Дома покой и уют. Она одна, упивается музыкой тишины. А в душе такое чувство, будто лежит маленькой девочкой в люльке и напевает ей мама колыбельную песню. И спокойствие разливается широкой рекой… О, как она любит эту музыку тишины…
Но болезнь не проходит. Татьяна то терпит ее, то раздражается, то возмущается… И вдруг обратилась ко Господу со словами:
— Господи, благодарю, принимаю болезнь, как Твой дар и постараюсь возлюбить ее, потому что Ты меня исправляешь, радеешь о моем спасении и усовершенствовании.
Смотрит, болезнь стала как бы пятиться назад… Потом вновь вперед, грешить-то не переставала. Так весенний снег в распутицу тает, и вдруг внезапно морозцем прихватит… Мучилась, но понимала — надо терпеть. Происходило с ней нечто удивительное…
Захотела пособороваться. Грехи-то следует выкорчевывать! Шел Великий пост. И во время молитвы услышала ужасное — знакомая по храму издает тявкающие звуки.
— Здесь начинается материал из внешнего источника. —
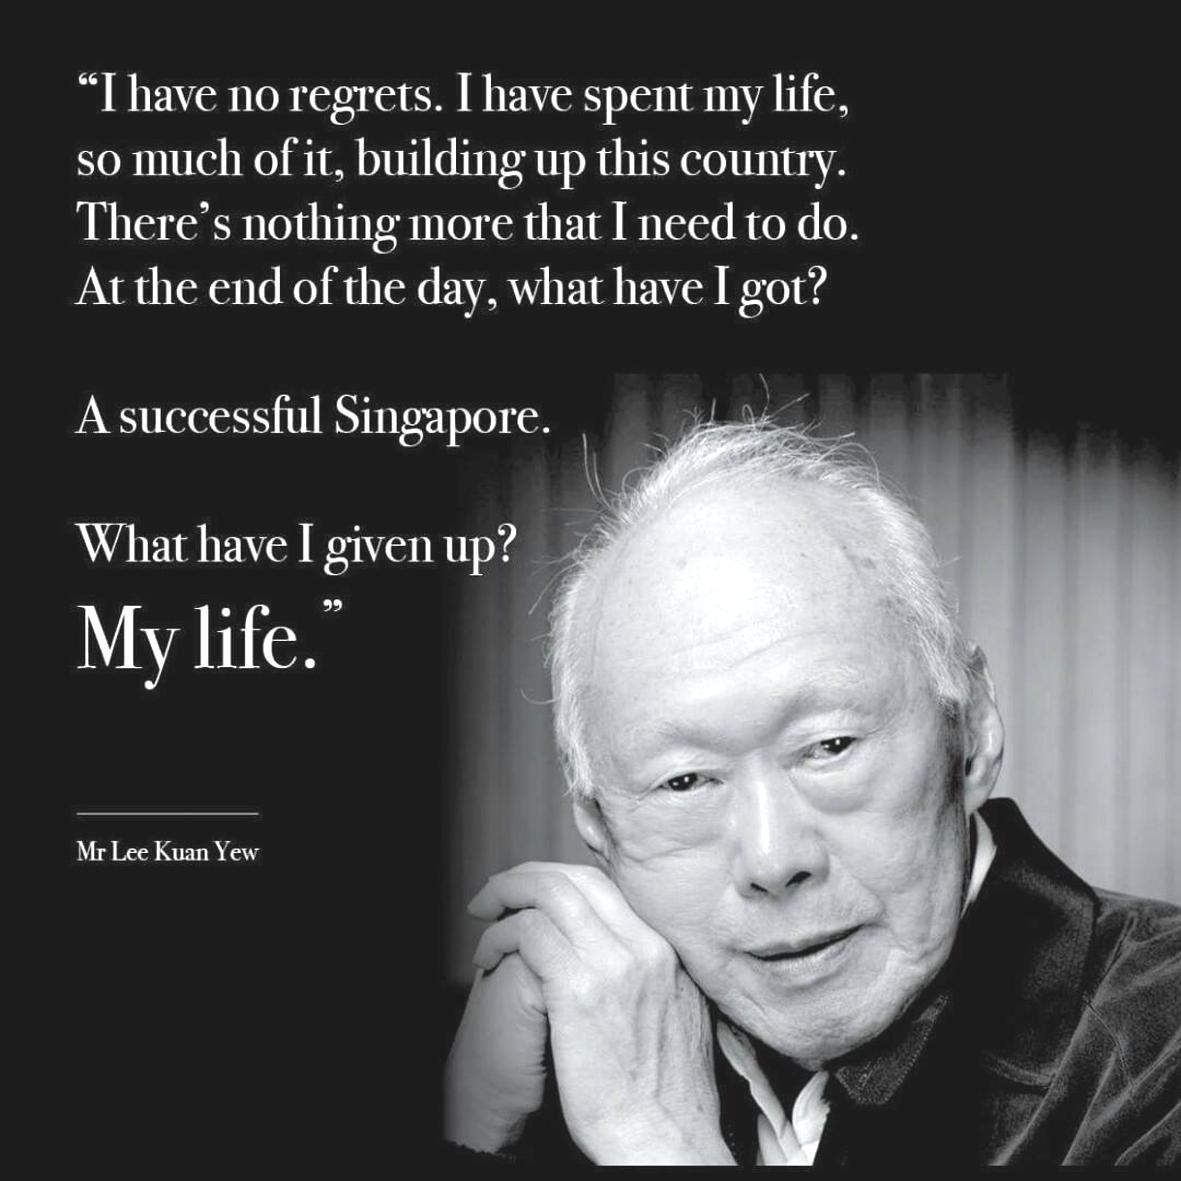 文/新加坡 如一   幾個星期前,看到新聞報導前新加坡總理李光耀先生因感染肺炎住院的消息,於是立即幫他報名來臨的週六聖尊蓮生活佛盧勝彥在台灣雷藏寺主持的「息災祈福」法會。   當天晚上總理公署發表聲明說「李光耀先生住院已有二十多天,病情一直沒有好轉,今晚病情稍微有些起色。」頓時欣喜安慰,感謝聖尊和佛菩薩的慈悲加持。   接下來,陸續也幫李光耀先生報名了聖尊親自主持的法會,祈求他能早日康復出院。奈何,李光耀先生還是抵不過病魔侵襲,病情每況日下,終於在3月23日凌晨病逝,享壽91歲。   李光耀先生是新加坡第
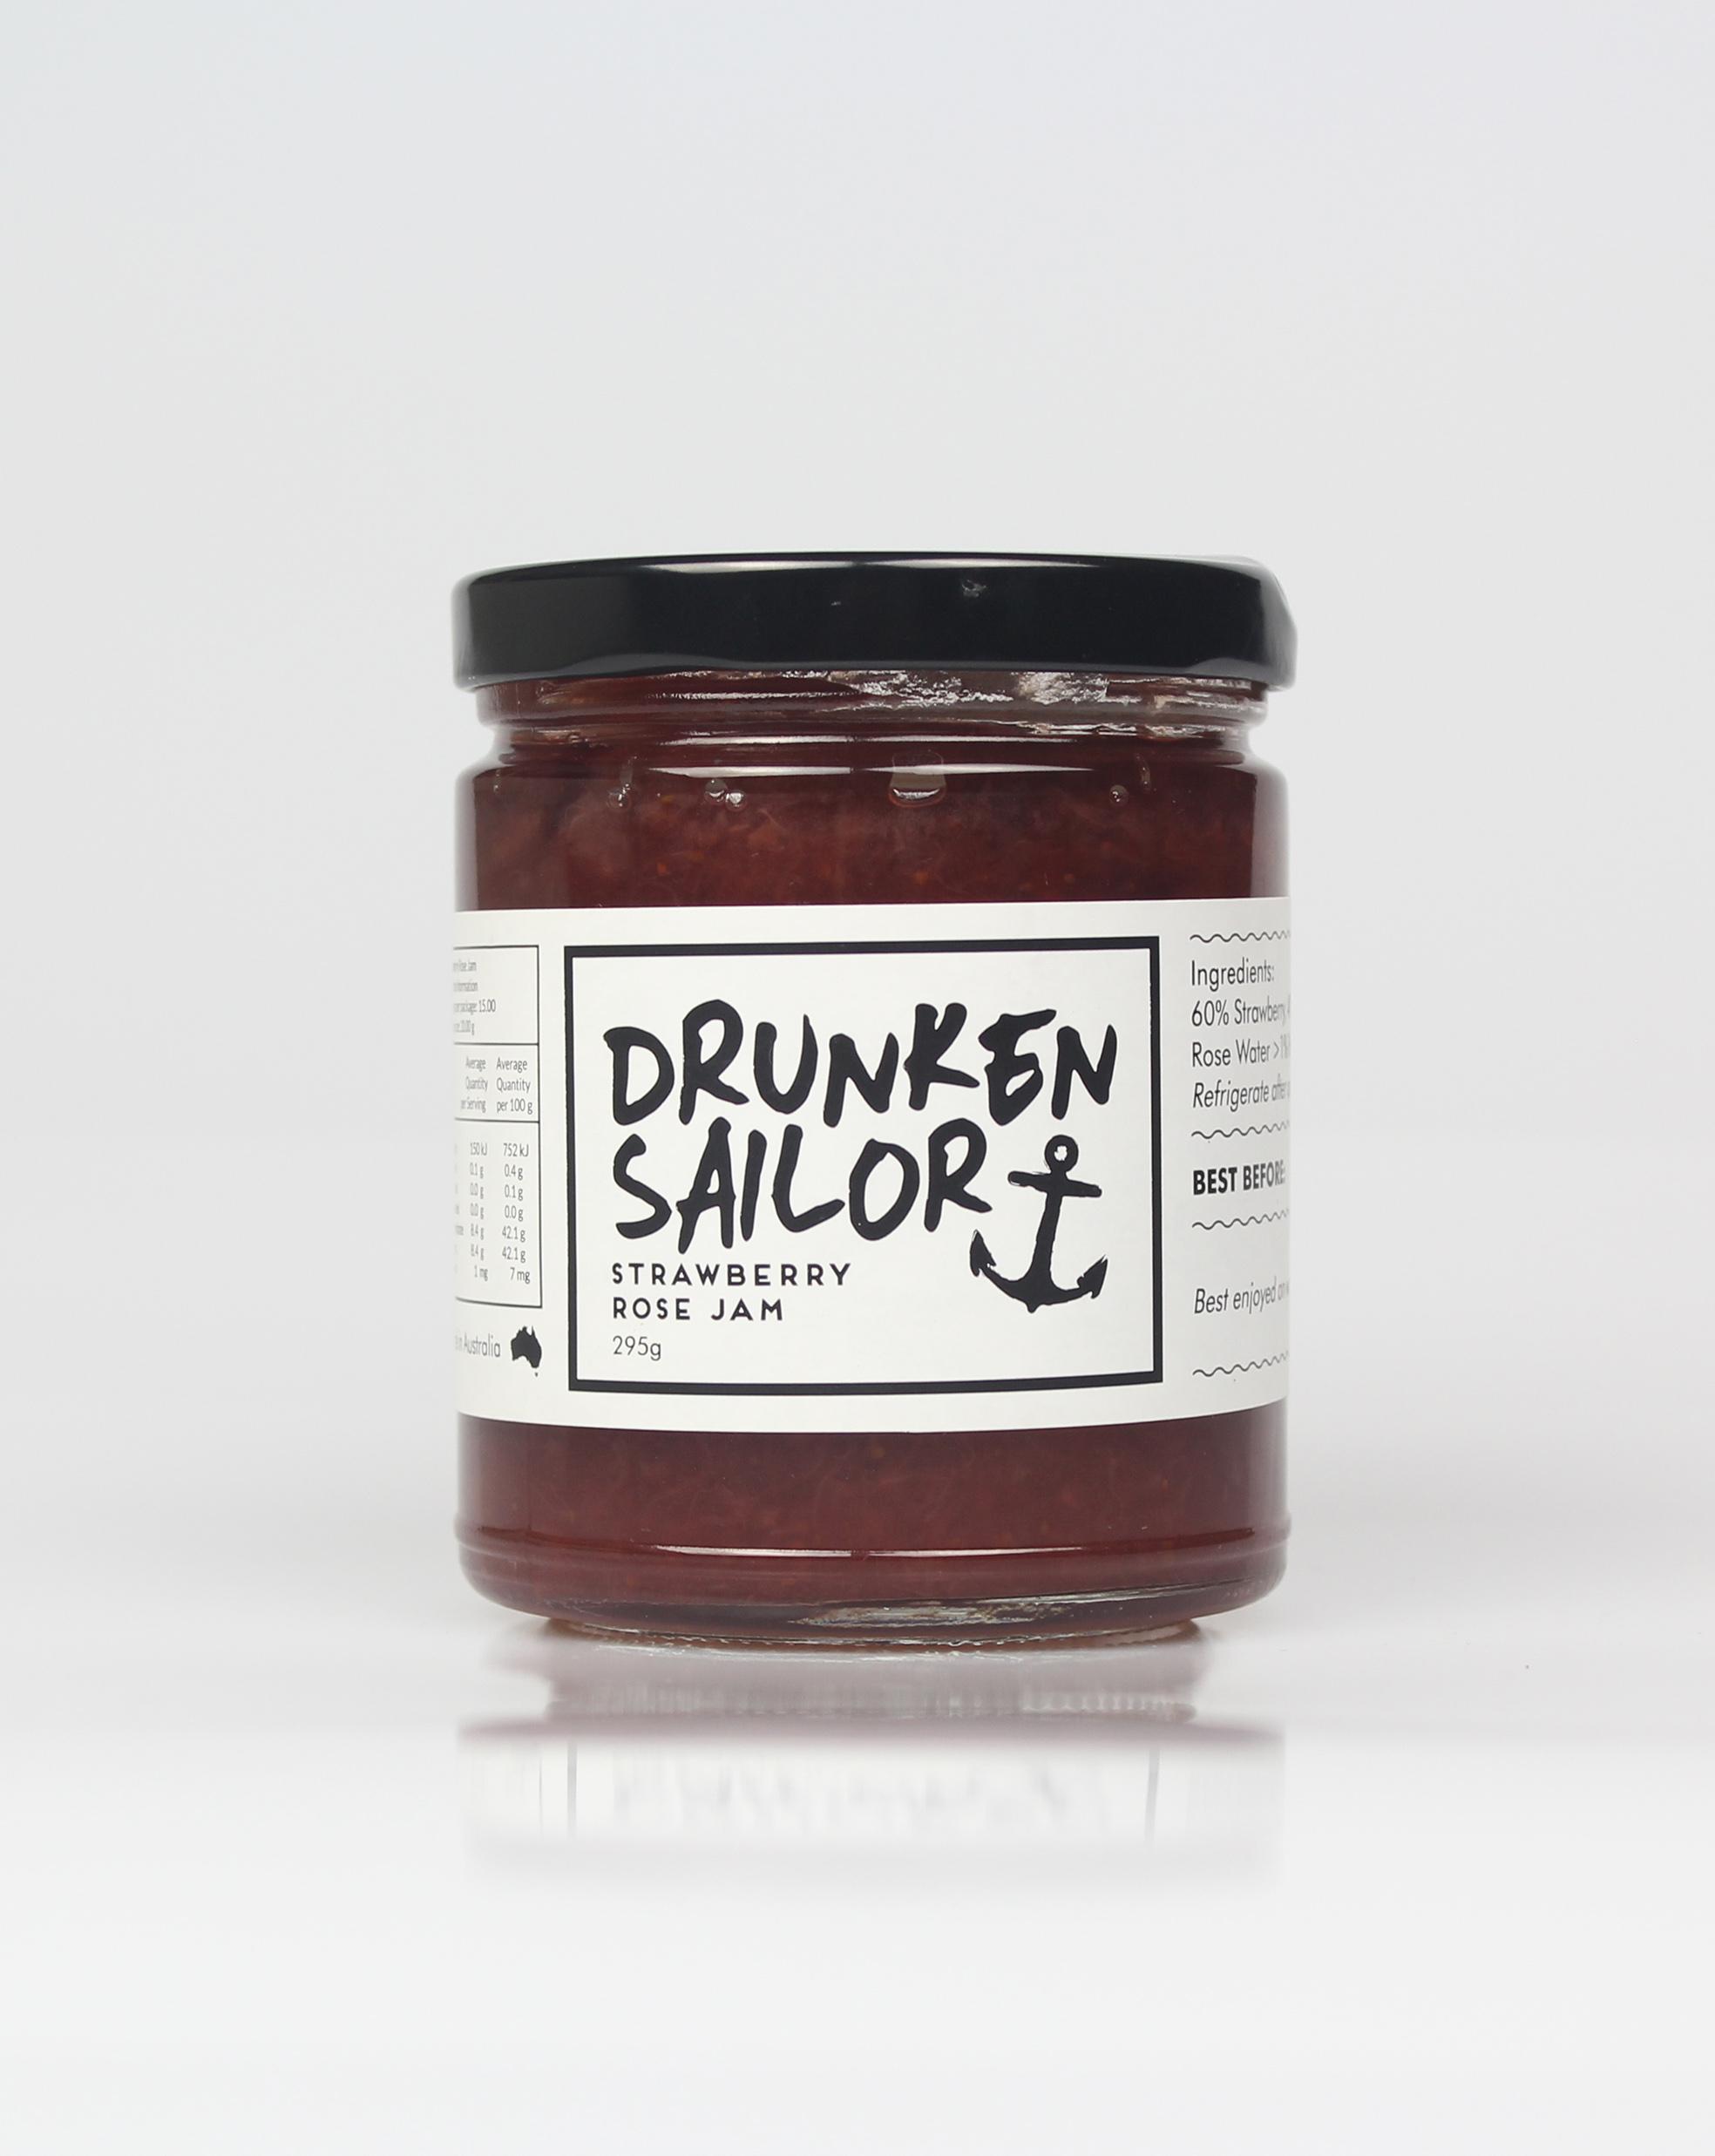 Drunken Sailor Strawberry Rose Jam 260g

Татьяна испугалась. А потом сама себе объяснила: «Почему я решила, что она хуже меня? На мне тоже печать одержимости лежит из-за моей болезни. Только ее не видно, но я-то знаю — кто я и за что получила ее…»
************
Через некоторое время Господь вразумил позвонить к тому священнику, который ее так удивил, и спросить, когда он будет исповедовать:
— Батюшка, долго болеть не перестаю…
— Это наказание Божие, грехи нераскаянные имеете, необходима глубокая исповедь…
Положила трубку, стала размышлять: «Стоит ли больной куда-то ехать?» Почувствовала — нечистый, как всегда, сбивает. Решила твердо — поедет!
Села за стол и с Божьей помощью стала вспоминать грехи с самого детства. Старалась целый день. Когда осмыслила все, записала, не так, как раньше, отдельными кусочками, а в целом, стало жутко. Предстал перед ней новый человек, хитрый, лукавый, почти безнравственный… Нечто устрашающее. Если смотреть на небо, увидишь тоску неудовлетворенности в его синих очах, если — на землю, заметишь бесформенную массу молчания и злости, если взглянуть в ее сердце, ничего не увидишь, кроме смятения…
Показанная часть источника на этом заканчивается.